0

I have many years of experience as a software engineer, and have worked extensively with databases, mostly Oracle and Postgres. I use what might charitably be called an informal design methodology for database schemas. I sketch out something like an E/R diagram, and I then generate DDL from there. Over time, I modify the schema from there as more requirements arrive. I had rigorous training on the academic side of computer science, and I wrote MSc and PhD dissertations on topics relating to databases. I understand dependencies, normal forms, and the decomposition approach. And I find this approach to schema design to be completely useless in the real world.

I am now teaching a senior-level course on database systems, and I dutifully covered the classical material on schema design, including dependenices, normal forms, decomposition. But I remain unconvinced of the actual value of this approach.

The textbook discussions of these theoretical topics, start with very badly designed schemas, and functional dependencies that come from ... well, I don't know. They're just there, and then they guide you to a better schema. But starting with a good Entity/Relationship model, you probably start with a pretty good schema. And if you understand what your entities are, and what their attributes are -- aren't you basically starting with tables already in BCNF?

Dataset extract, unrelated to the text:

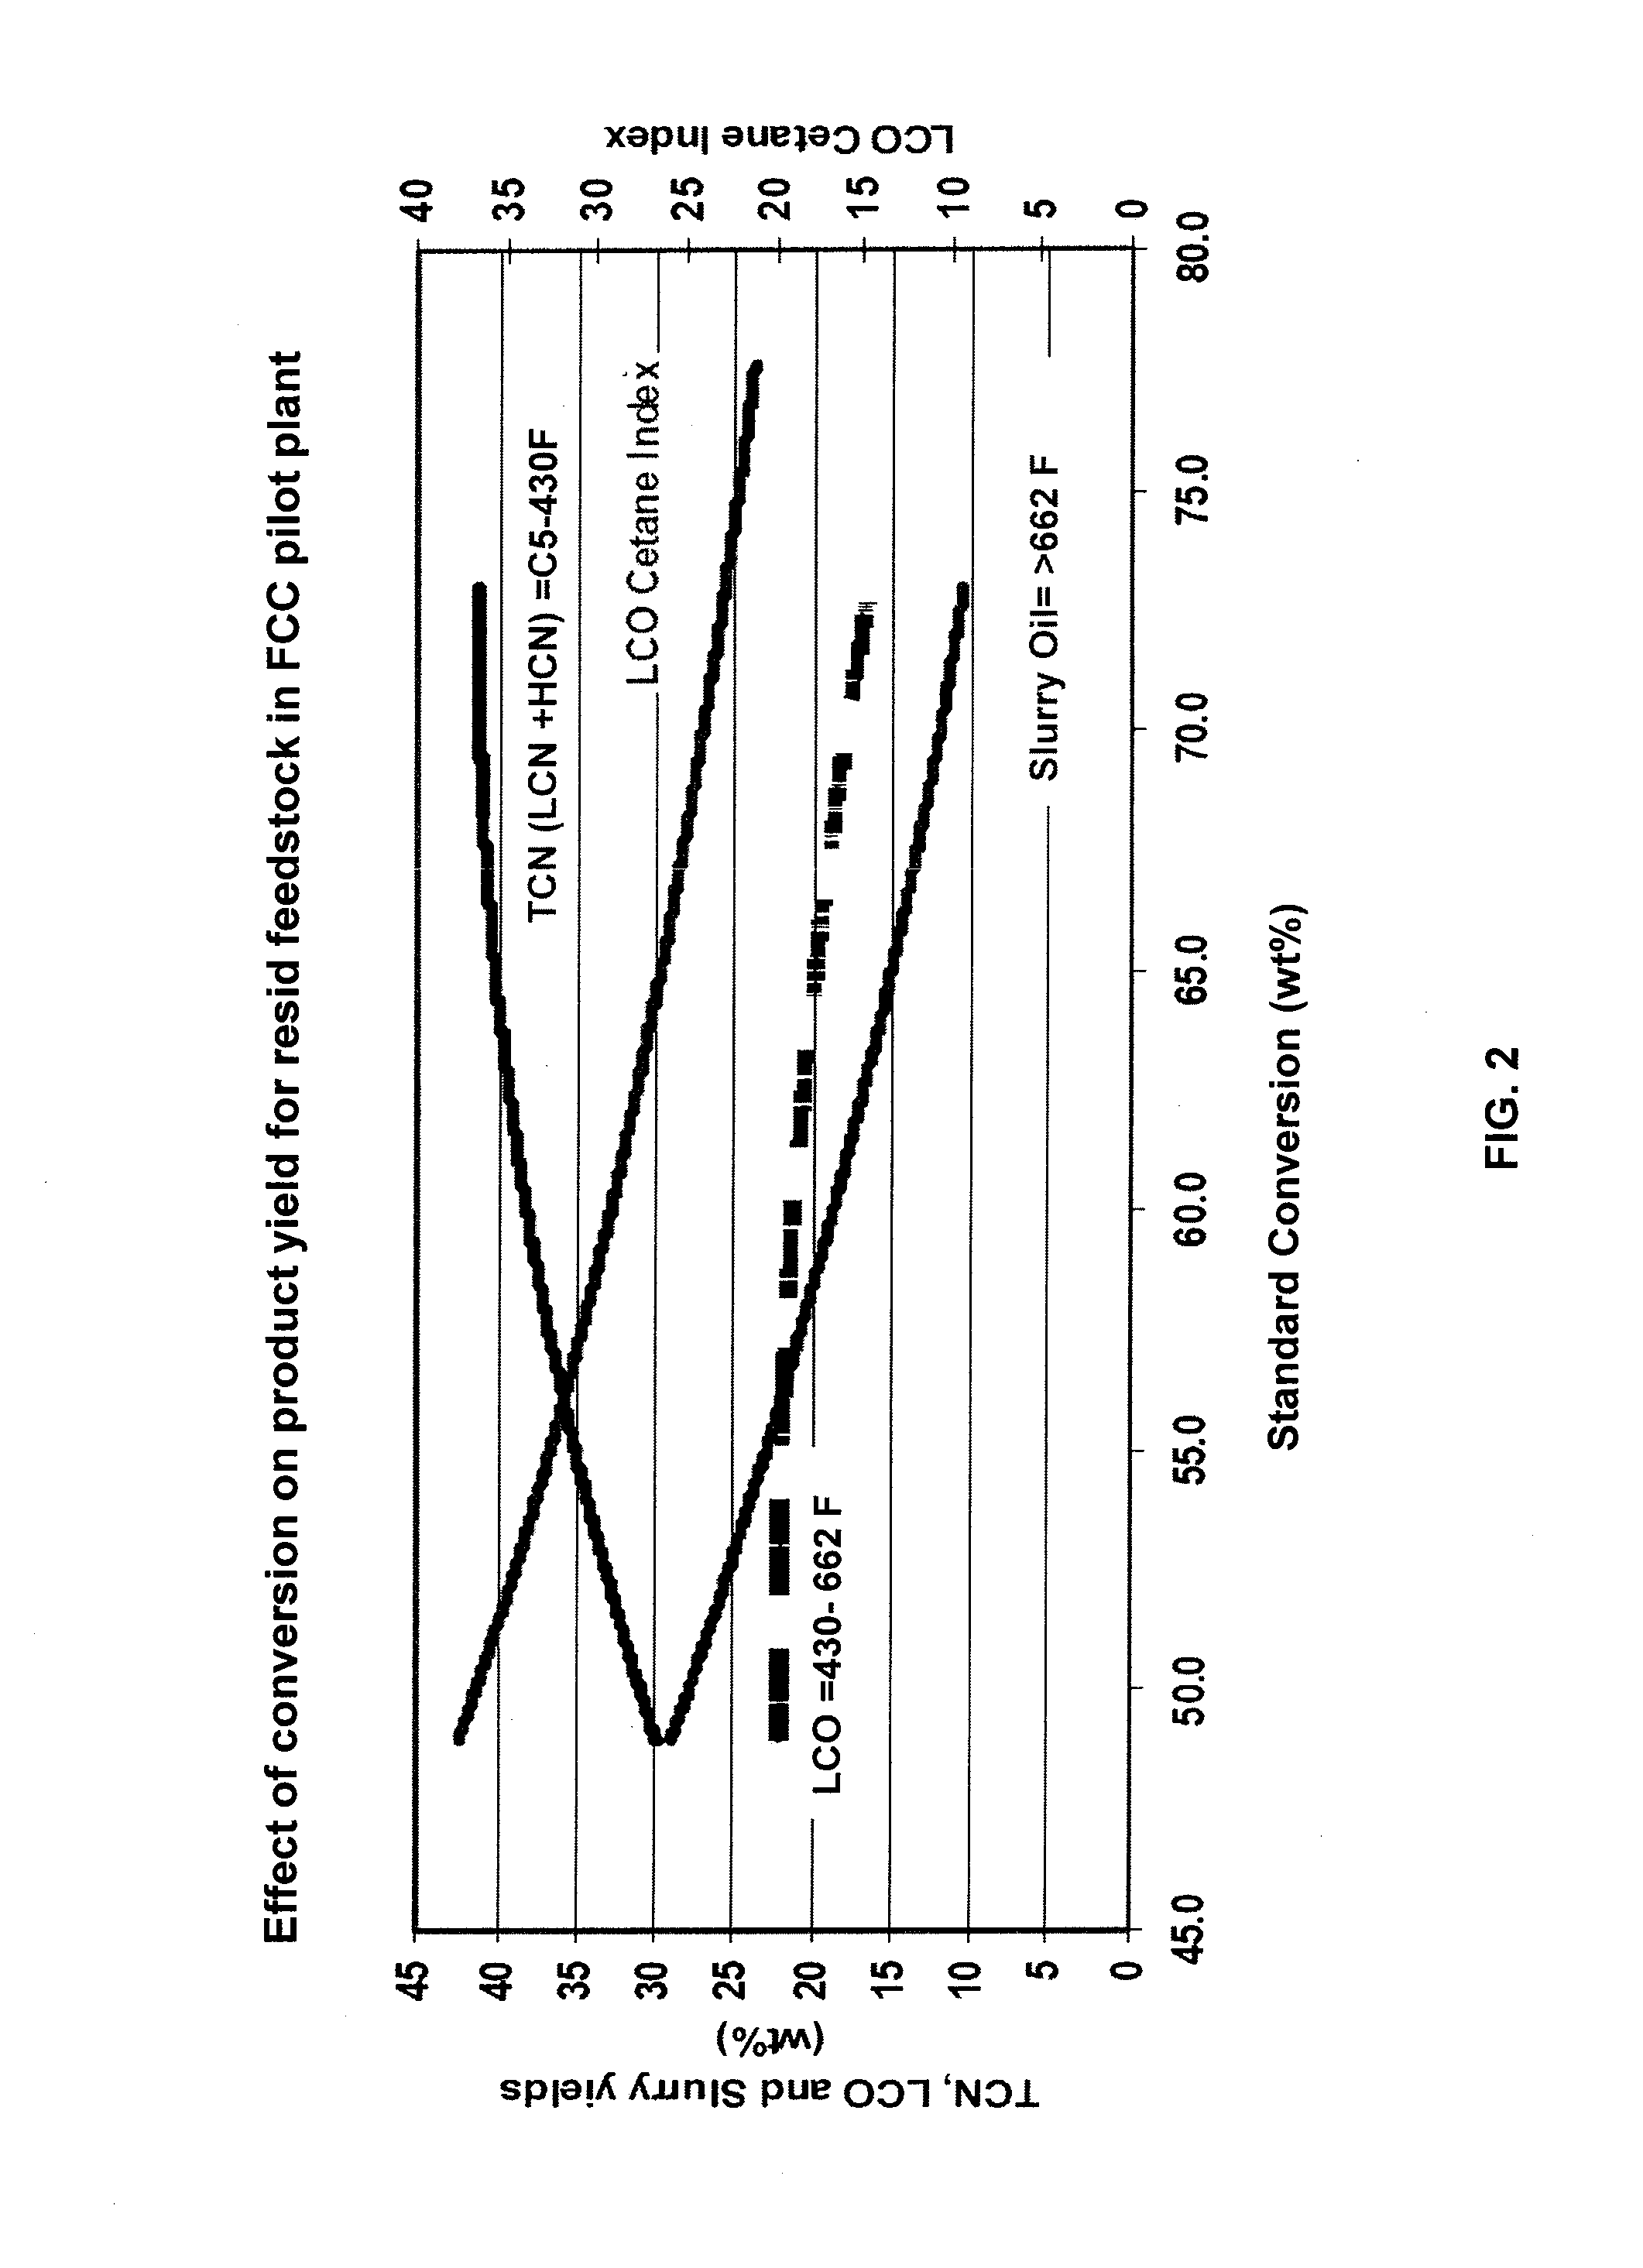 Process for maximum distillate production from fluid catalytic cracking units (FCCU)

For those of you who design and maintain schemas, do you actually use dependency theory and normal forms? Or do you just wing it like I do?

philipxy
  • 14,867
  • 6
  • 39
  • 83
Jack Orenstein
  • 169
  • 2
  • 9
  • I think in terms of functional dependencies when I design tables or queries. When I join tables, I need to know what columns determine/identify the output, to know if I need to do a GROUP BY. That requires understanding FDs and mental algebra using Armstrong's axioms. I know people wing it successfully, but I wouldn't want to work like that again. – reaanb Feb 22 '18 at 22:46
  • 3
    I'm specifically interested in designing tables. How do you obtain the FDs? How do you get your initial table definition that then benefits from decomposition? – Jack Orenstein Feb 23 '18 at 05:05
  • When I'm planning a feature, I often think "to do this, we need an FD from X to Y". E.g. when designing UI screens or reports, if the requirement is to show one Y for each X, it'll need a corresponding FD (which could be transitive). If the FD doesn't exist and isn't viable to add, the screen or report needs to be adjusted to handled multiple Y for each X. As for decomposition, there's an unending supply of legacy tables that were built or adapted in an ad-hoc fashion. I also often use those techniques when fixing inconsistent data. – reaanb Feb 23 '18 at 09:46
  • So in the legacy case: Where do you get the FDs from? If you have a legacy schema that is poorly designed, I am guessing you don't have FDs in any documentation that you inherit. You could get possible FDs from the data, but that has obvious problems. (Even ruling out FDs based on data has problems.) – Jack Orenstein Feb 23 '18 at 17:38
  • Before considering normalizing a table, I familiarize myself with the table's contents and check for any related FK constraints and views. Then I'll search the application source for any references to the table and its fields, looking at queries and surrounding code. If I had any doubts I would also discuss the schema with the other devs and the product owner. I'm a domain expert too, having worked 20+ years in my current industry, and so I have ample resources to help me understand the requirements and clarify or decide what the FDs should be. – reaanb Feb 23 '18 at 18:19
  • 2
    *"And I find this approach to schema design to be completely useless in the real world."* Why? Is it inaccurate? Is it indeterminate? Do you not understand where functional dependencies come from? – Mike Sherrill 'Cat Recall' Feb 26 '18 at 21:35
  • If I understand a model, then I know the entities and attributes, and I know the FDs also. But knowing the entities and attributes, I am able to create a schema which is almost certainly going to have BCNF tables. The academic discussions of dependencies and decomposition start with bad schemas, FDs seemingly from nowhere, and highly unrealistic examples (IMHO). Hence my question. – Jack Orenstein Feb 27 '18 at 04:21
  • 2
    You are likely much better to ask at [dba.se]. (Or [cs.se].) Although I find this XYish--your actual interest seems to be 'is there an "actual value of this approach"?'. Normalization is poorly presented in textbooks & execrably presented outside textbooks & so is virtually always poorly learned or misconceived, or just not learned, so what would "do you use" get you? (I keep meaning to post an answer--to the effect that even the best presentations are a mess but that normalization is crucial & ER modelling inadequate--but justification makes it a bit of an essay.) – philipxy Apr 27 '18 at 09:57

5 Answers5

3

Textbooks and courses often explain normalization with examples of progressive decomposition - starting with schemas where dependencies are not properly enforced by keys and then progressing to better designs that satisfy BCNF, 5NF, etc. This is a teaching exercise used to explain some concepts and techniques; it is not a blueprint for how actual database design ought to be done. It is analogous to practicing long division in maths classes, not because the method is commonly used but because knowledge of fundamental arithmetic is important.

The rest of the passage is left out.